PROBLEM STATEMENT> Would you copy exactly the lines in the data below from the one that has "Pair of mid-century lounge" through the one that has "This model belongs", dropping any pictures?

SOURCE RECORDS>

..........

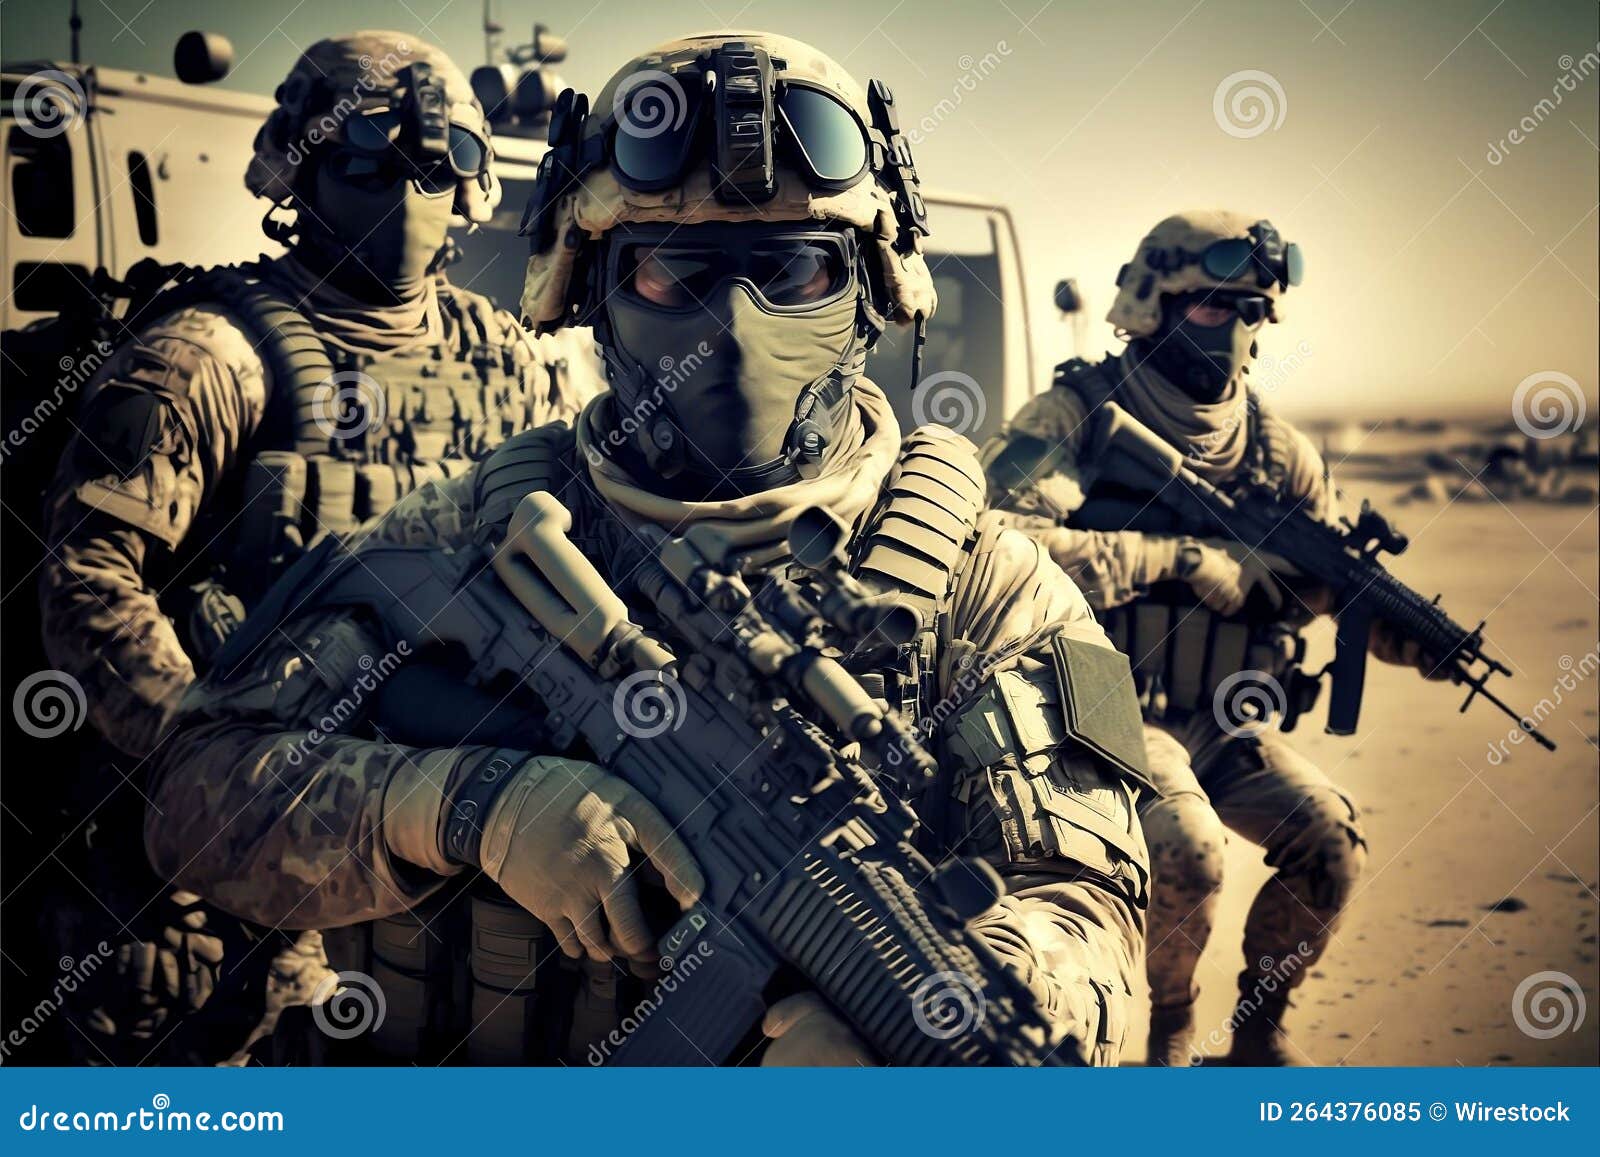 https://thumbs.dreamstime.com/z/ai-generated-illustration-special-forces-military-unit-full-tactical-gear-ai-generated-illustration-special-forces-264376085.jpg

..........

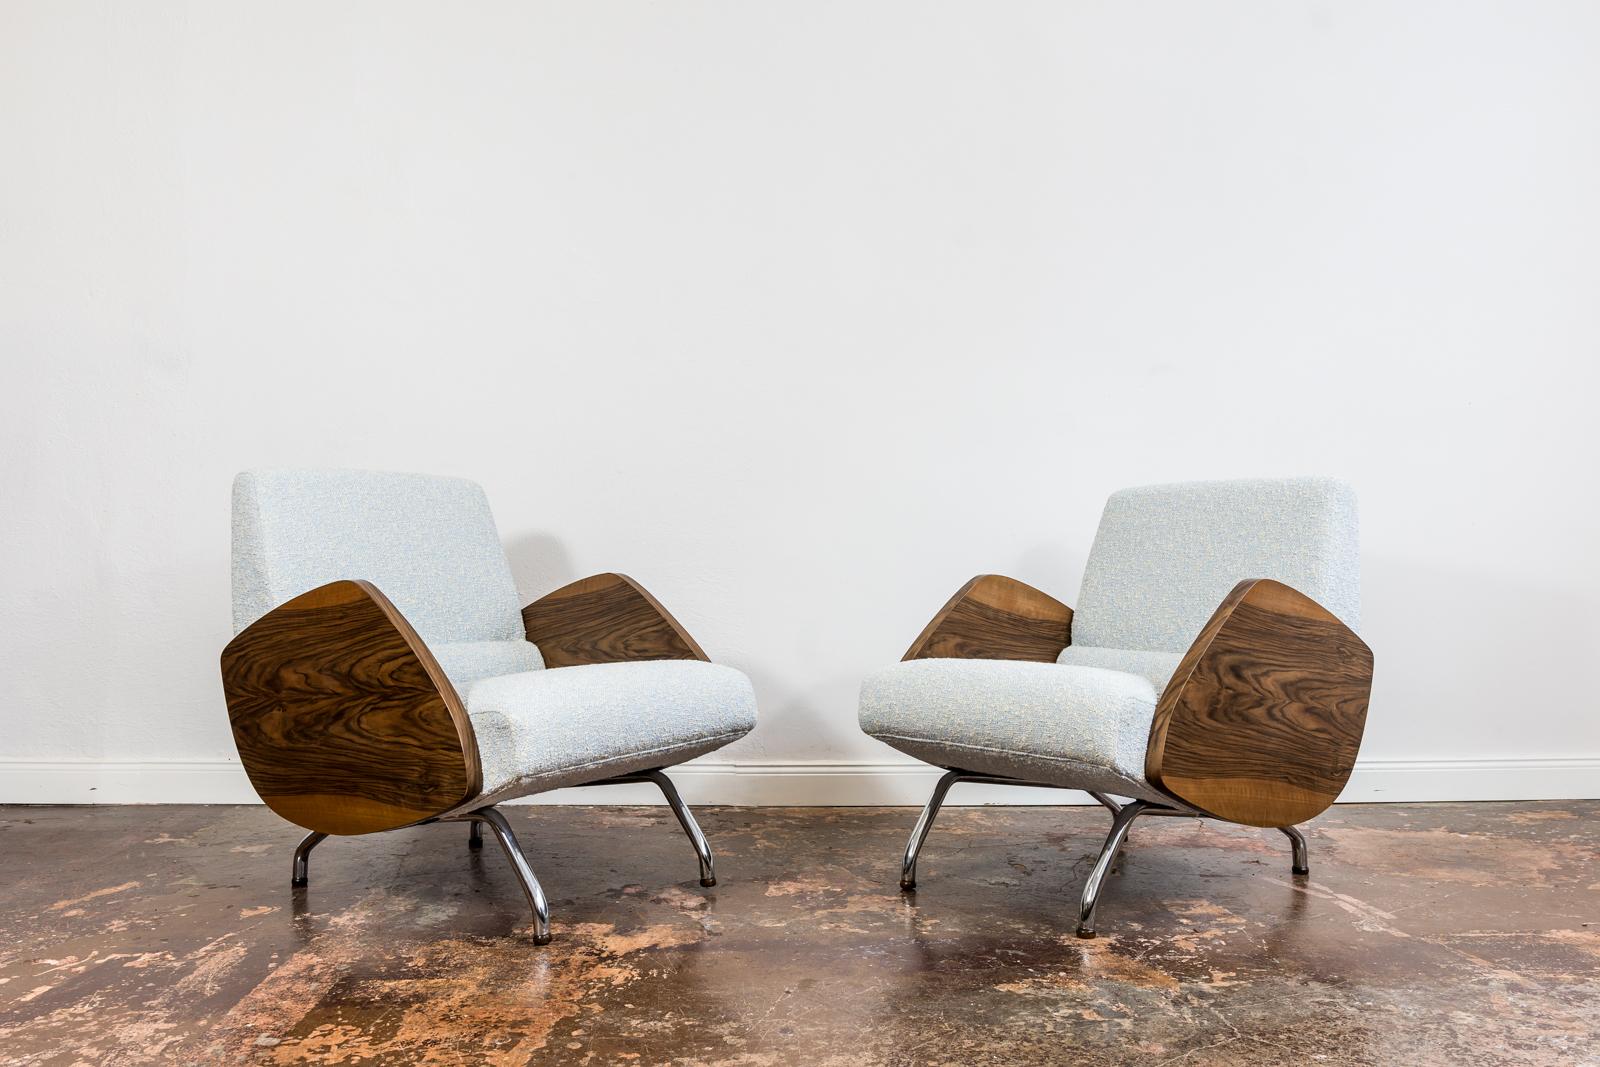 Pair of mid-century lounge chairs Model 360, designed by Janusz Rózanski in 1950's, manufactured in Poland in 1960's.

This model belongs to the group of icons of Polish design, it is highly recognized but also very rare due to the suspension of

..........

OUTPUT FOR THIS TASK>
 Pair of mid-century lounge chairs Model 360, designed by Janusz Rózanski in 1950's, manufactured in Poland in 1960's.

This model belongs to the group of icons of Polish design, it is highly recognized but also very rare due to the suspension of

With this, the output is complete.